Here is the magic bit, we will do a @ref:[_spatial join_](https://astraeahelp.zendesk.com/hc/en-us/articles/360043896371) between our catalog and our city DataFrame.

This attaches the city information to the scene information!




In [None]:
uac_catalog = geopandas.sjoin(uac_50, catalog.to_crs(uac_50.crs))


Summarize the number of images for each city. The `id` column contains the unique scene identifier for the raster data product.




In [None]:
uac_catalog.groupby('NAME10').count().id


## Filtering the Catalog

Now that we know which city each image belongs to, let's find the lowest cloud image for each city.




In [None]:
# have to reset the index because the left DF in the join has had its index repeated across rows
uac_catalog.reset_index(inplace=True)
least_cloud_img_per_city = uac_catalog.groupby('NAME10').eo_cloud_cover.idxmin()

uac_least_cloudy = uac_catalog.loc[least_cloud_img_per_city]
assert len(uac_least_cloudy) == len(uac_50)

uac_least_cloudy[['index', 'NAME10', 'id', 'eo_cloud_cover', 'datetime']]

In [None]:
uac_least_cloudy.columns


## Read the Raster Data

We will read the short-wave infrared (~1.6μm) and near-infrared from MODIS MCD43A4. These are bands __6__ and __2__ respectively. We can find this out from the `earth_ondemand.item_assets` function.

Note the renaming we do. This allows us to forget about the specific band designations for the rest of the code.
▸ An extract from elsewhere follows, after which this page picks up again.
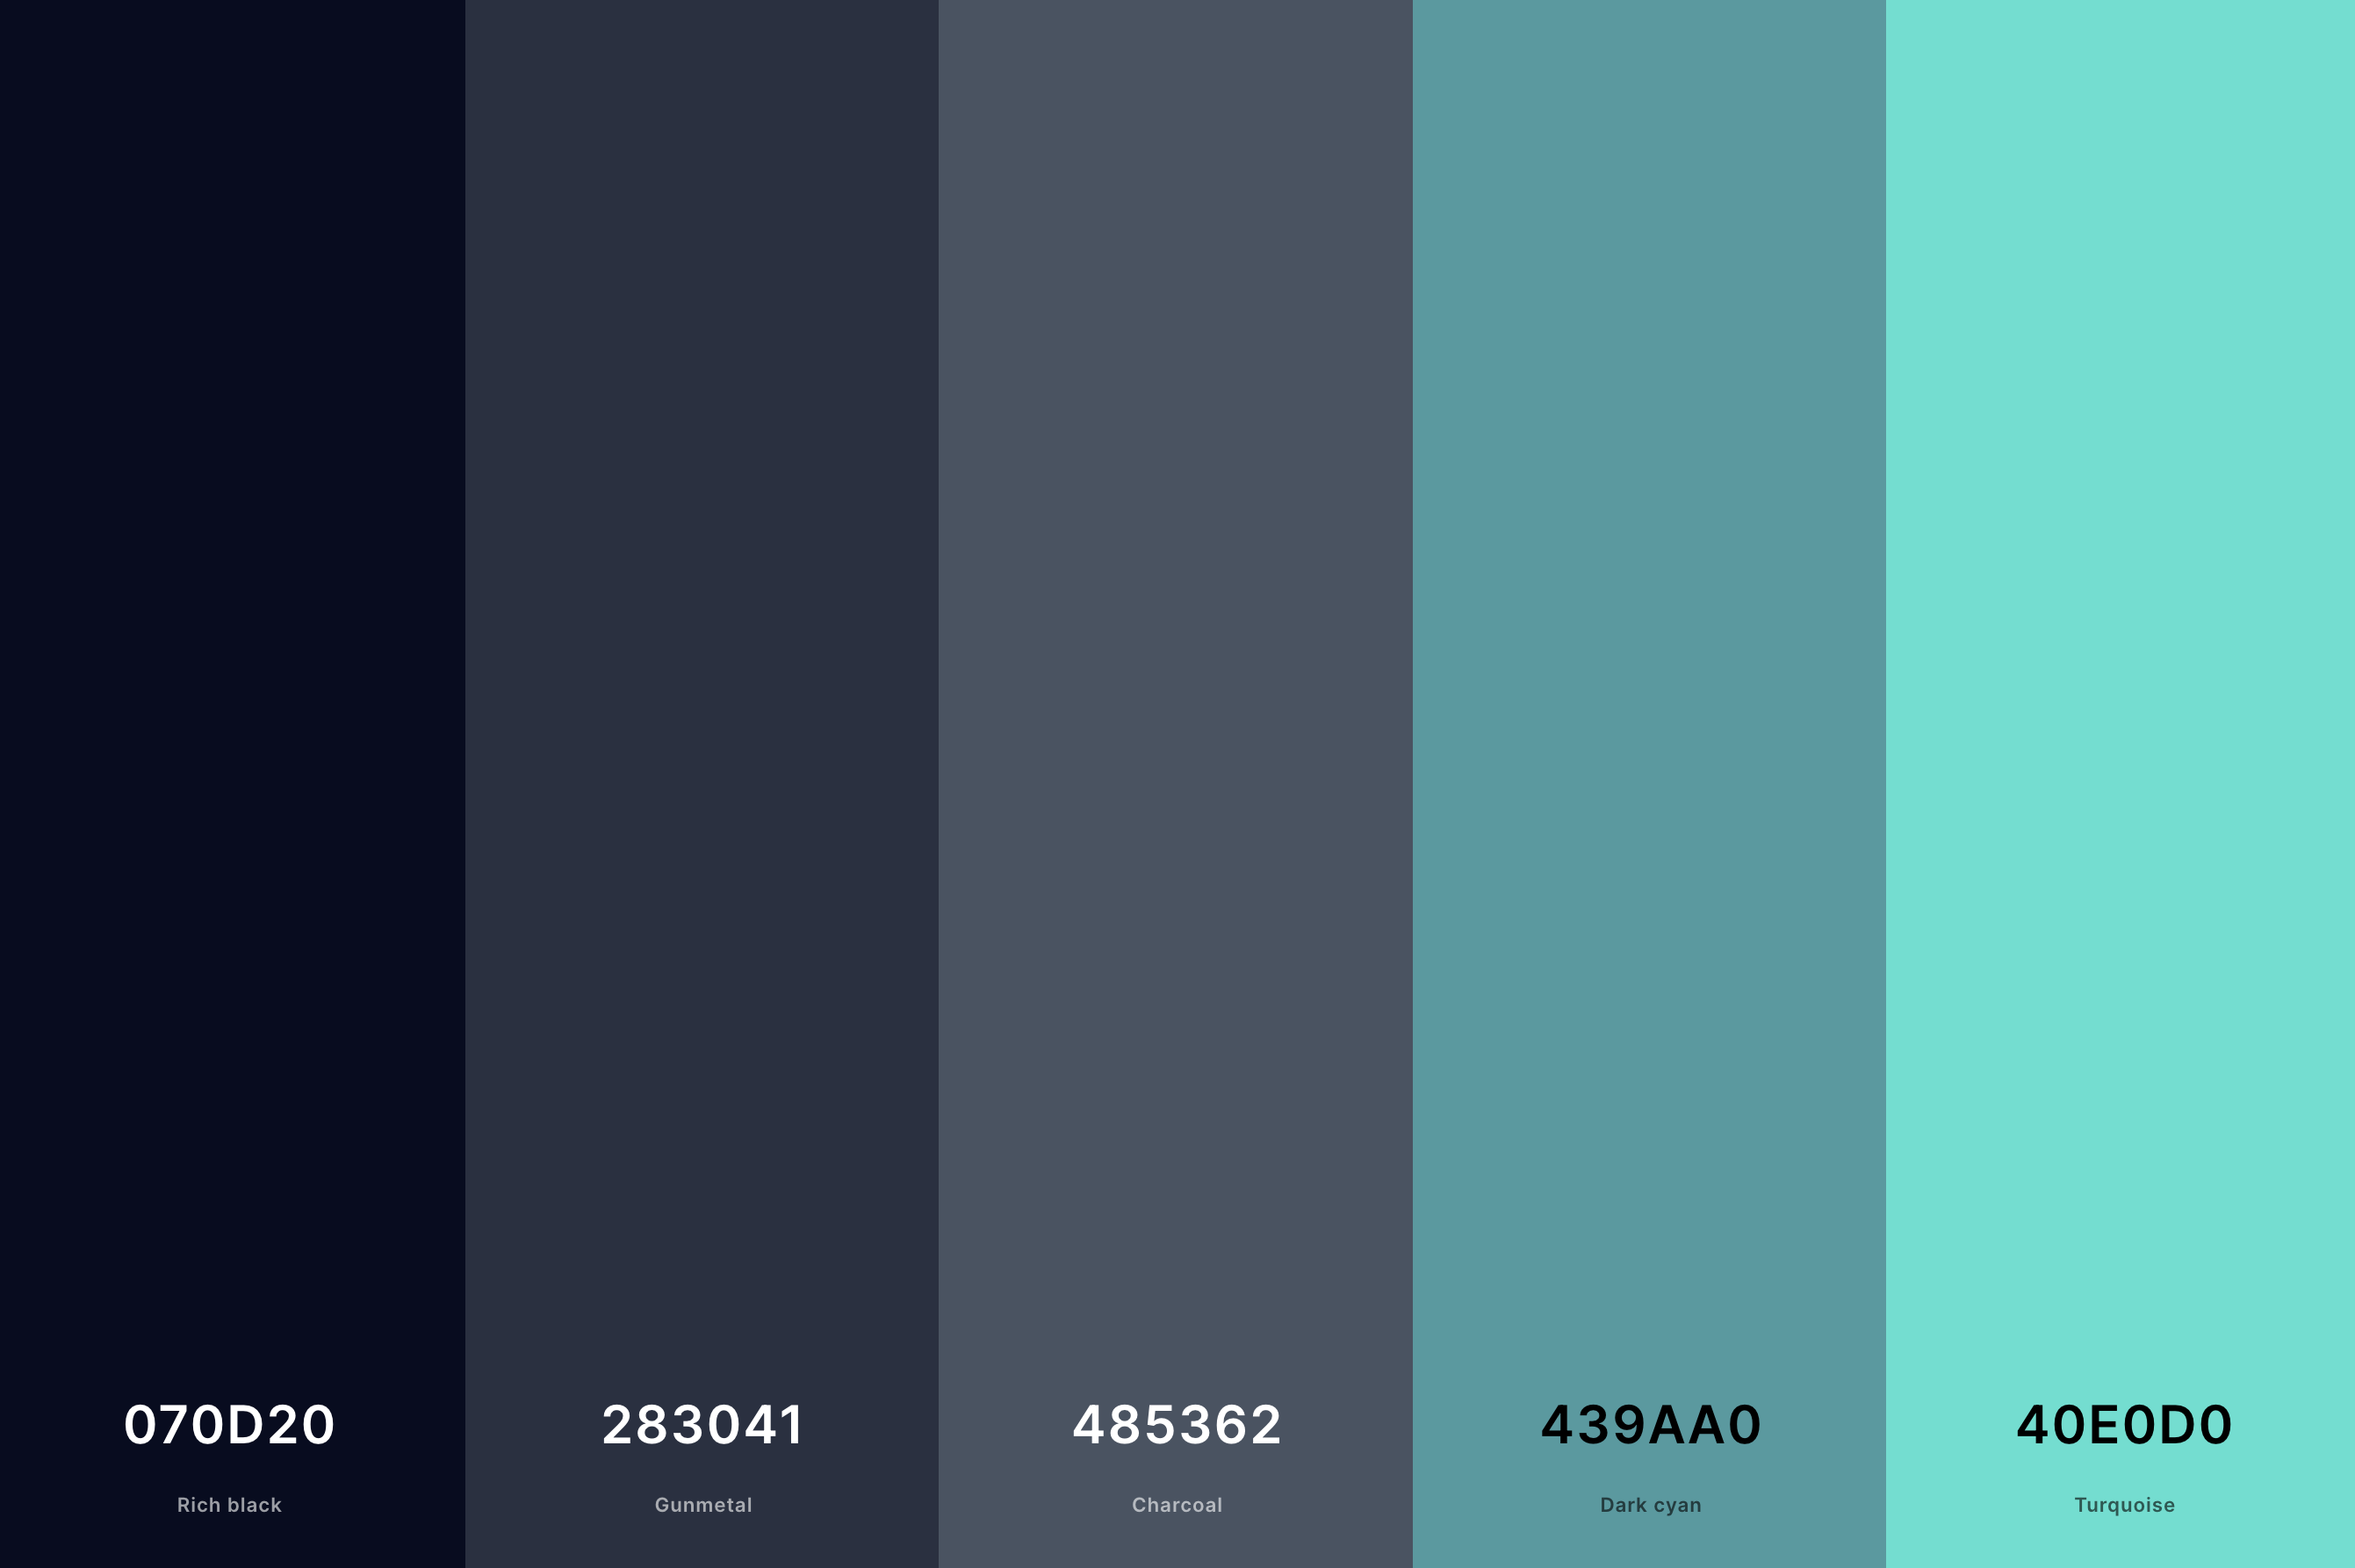 6. Black And Turquoise Color Palette Color Palette with Rich Black (Hex #070D20) + Gunmetal (Hex #283041) + Charcoal (Hex #485362) + Dark Cyan (Hex #439AA0) + Turquoise (Hex #40E0D0) Color Palette with Hex Codes

This is a good idea if we want to revisit a similar analysis with a different collection.




In [None]:
earth_ondemand.item_assets('mcd43a4')

In [None]:
rf = spark.read.raster(uac_least_cloudy, catalog_col_names=['B06', 'B02']) \
 .withColumnRenamed('B06', 'swir16') \
 .withColumnRenamed('B02', 'nir')


Create a new column reprojecting the city polygon to the same CRS as the imagery. Filter so we remove any rows where the image does not cover the city. We will also apply a very simple filter to remove `fill` values from the Landsat imagery. Note that our cloud cover is low, so we expect otherwise quite clean images.




In [None]:
rf = rf.withColumn('geo_native',
 st_reproject('geometry', rf_mk_crs(str(uac_50.crs)), rf_crs('swir16'))) \
 .filter(st_intersects(rf_geometry('swir16'), 'geo_native'))


Take a look at a sample of the data.




In [None]:
rf.select('swir16', 'nir', 'NAME10', st_centroid('geometry'), st_centroid(rf_geometry('swir16')))


## Analysis

### Burn-in the City Geometry

We will create a new Tile aligned to the existing raster data that "burns in" the city polygon. This is discussed more under [zonal stats](https://rasterframes.io/zonal-algebra.html) on the RasterFrames docs. The cell below is going to work through the steps leaving the explanation to those docs.




In [None]:
rf = rf.withColumn('city_tile',
 rf_rasterize('geo_native', rf_geometry('swir16'), F.lit(1), rf_dimensions('swir16').cols, rf_dimensions('swir16').rows)) \
 .filter(rf_data_cells('city_tile') > 0)


Now we will mask the imagery with the rasterized city polygons.




In [None]:
rf = rf.withColumn('swir16', rf_mask('swir16', 'city_tile')) \
 .withColumn('nir', rf_mask('nir', 'city_tile'))


Look at a sample



In [None]:
rf.select('swir16', 'nir', 'city_tile', 'NAME10') \
 .filter(rf_data_cells('city_tile') > 2000)


### Compute Mean Built-up Index

More built-up / dense areas have higher values in this index.




In [None]:
city_ndbi = rf.select('NAME10', rf_normalized_difference('swir16', 'nir').alias('ndbi')) \
 .groupBy('NAME10') \
 .agg(rf_agg_stats('ndbi').alias('ndbi_stats')) \
 .select(F.col('NAME10').alias('city'),
 F.col('ndbi_stats').mean.alias('ndbi_mean'),
 F.col('ndbi_stats').data_cells.alias('ndbi_count'))

In [None]:
city_ndbi_pd = city_ndbi.toPandas()

In [None]:
city_ndbi_pd.sort_values('ndbi_mean')

In [None]:
_ = city_ndbi_pd.plot.scatter('ndbi_count', 'ndbi_mean')


This simple analysis could be improved by choosing more than just 1 scene per city. In some of the images above we see areas of missing data in the imagery that overlap with the city polygon.

But we now have the basic steps for joining the vector data and the Earth OnDemand catalog, then working with the geometry and imagery together.